— What you are asked to do —
Give back the whole listing word for word and skip each picture.

— Collected material —

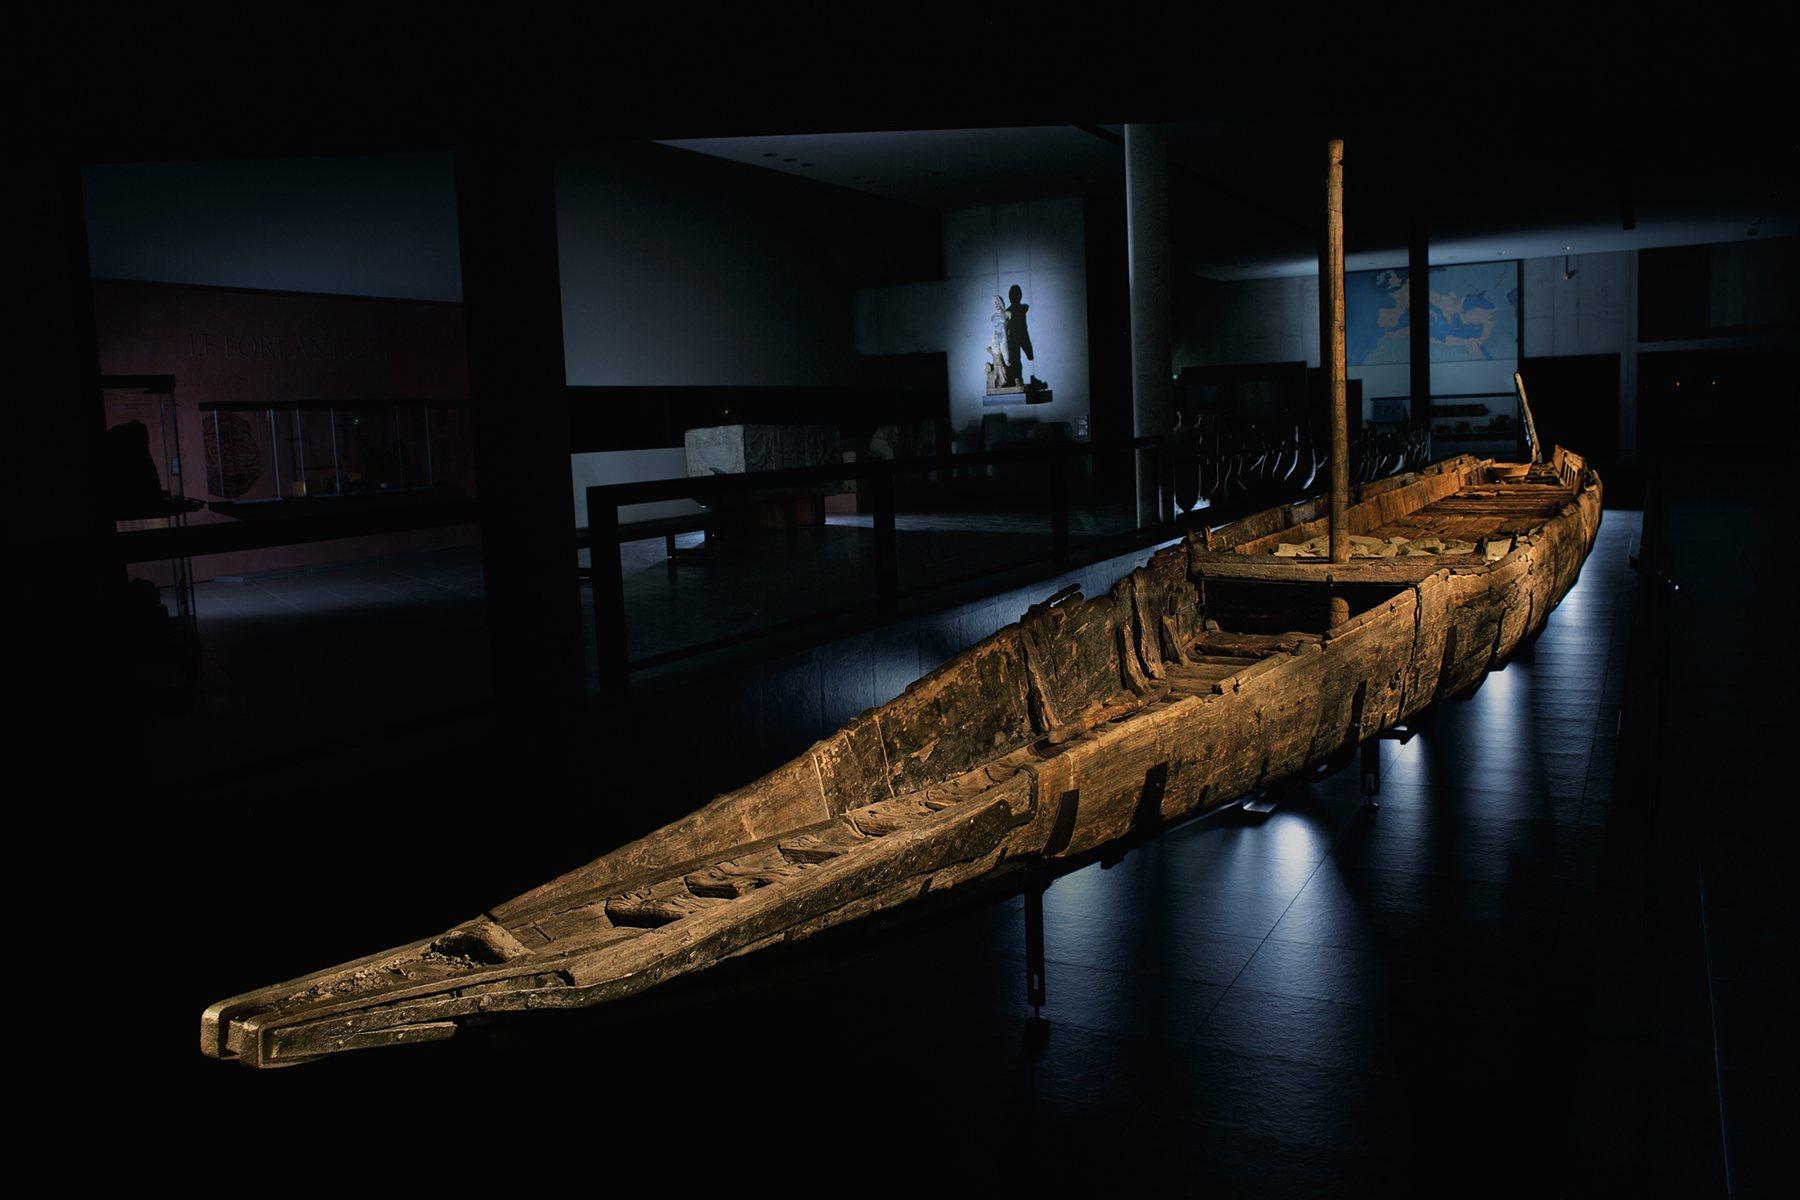 Barcaza romana de 31 metros de eslora fue recuperada del Ródano, a su paso por Arles
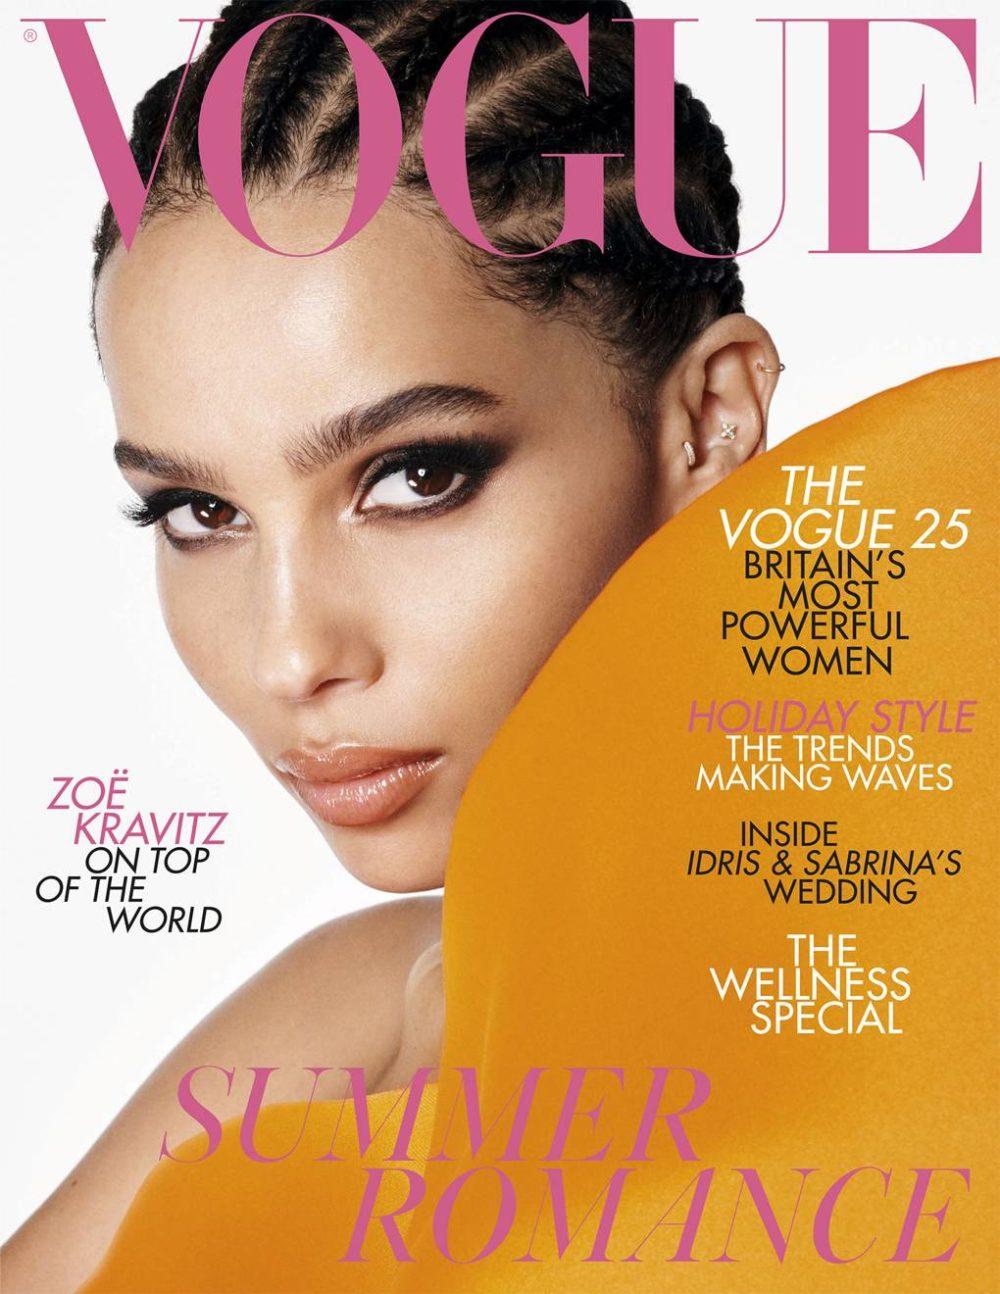 Zöe Kravitz er på coveret av juliutgaven av Vogue UK
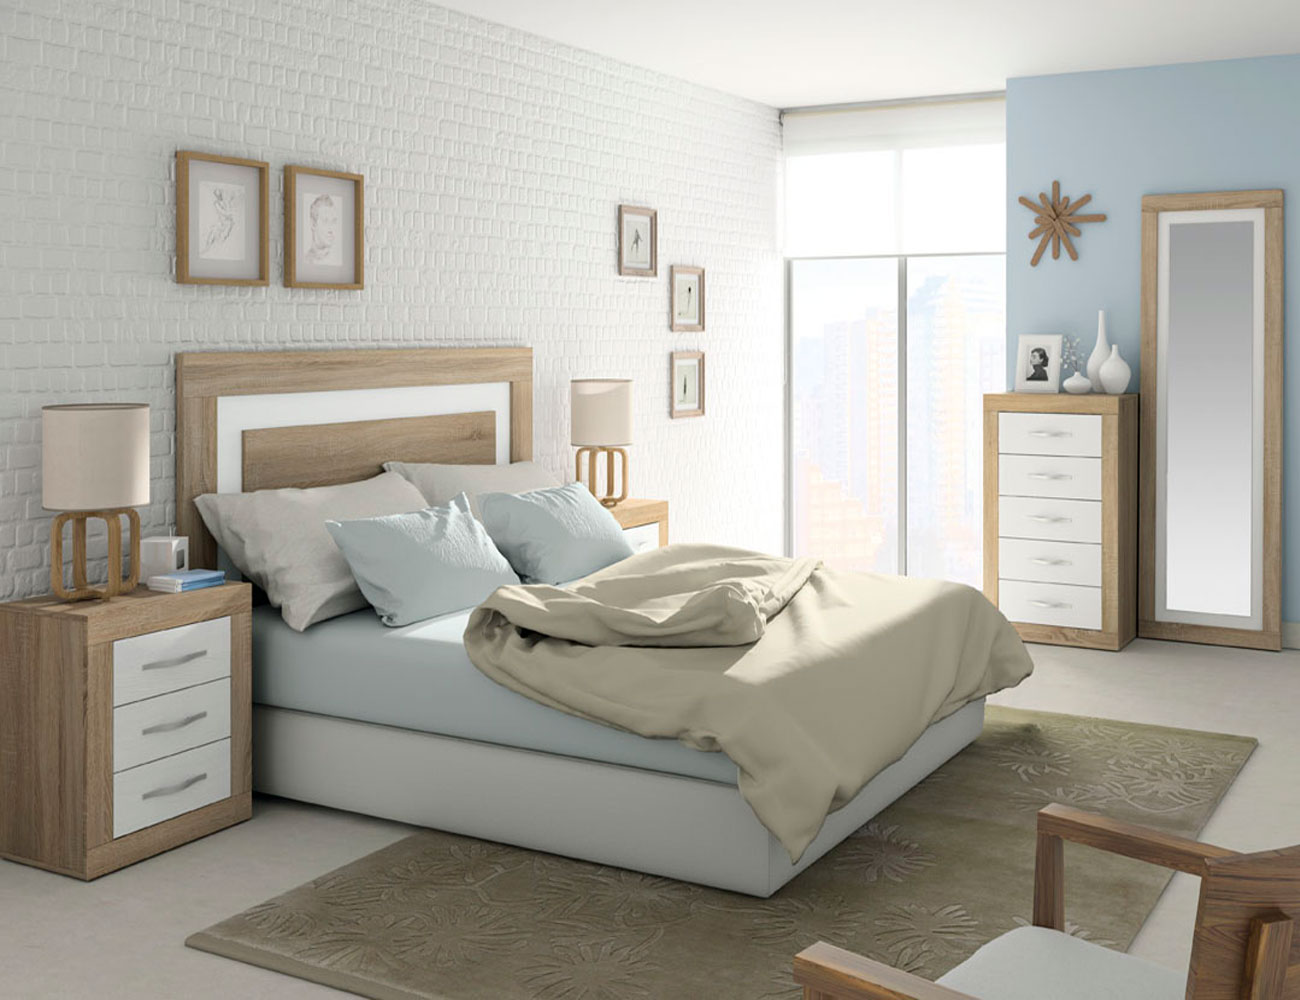 284 dormitorio matrimonio cambrian soul blanco

— Expected answer —
 Barcaza romana de 31 metros de eslora fue recuperada del Ródano, a su paso por Arles
 Zöe Kravitz er på coveret av juliutgaven av Vogue UK
 284 dormitorio matrimonio cambrian soul blanco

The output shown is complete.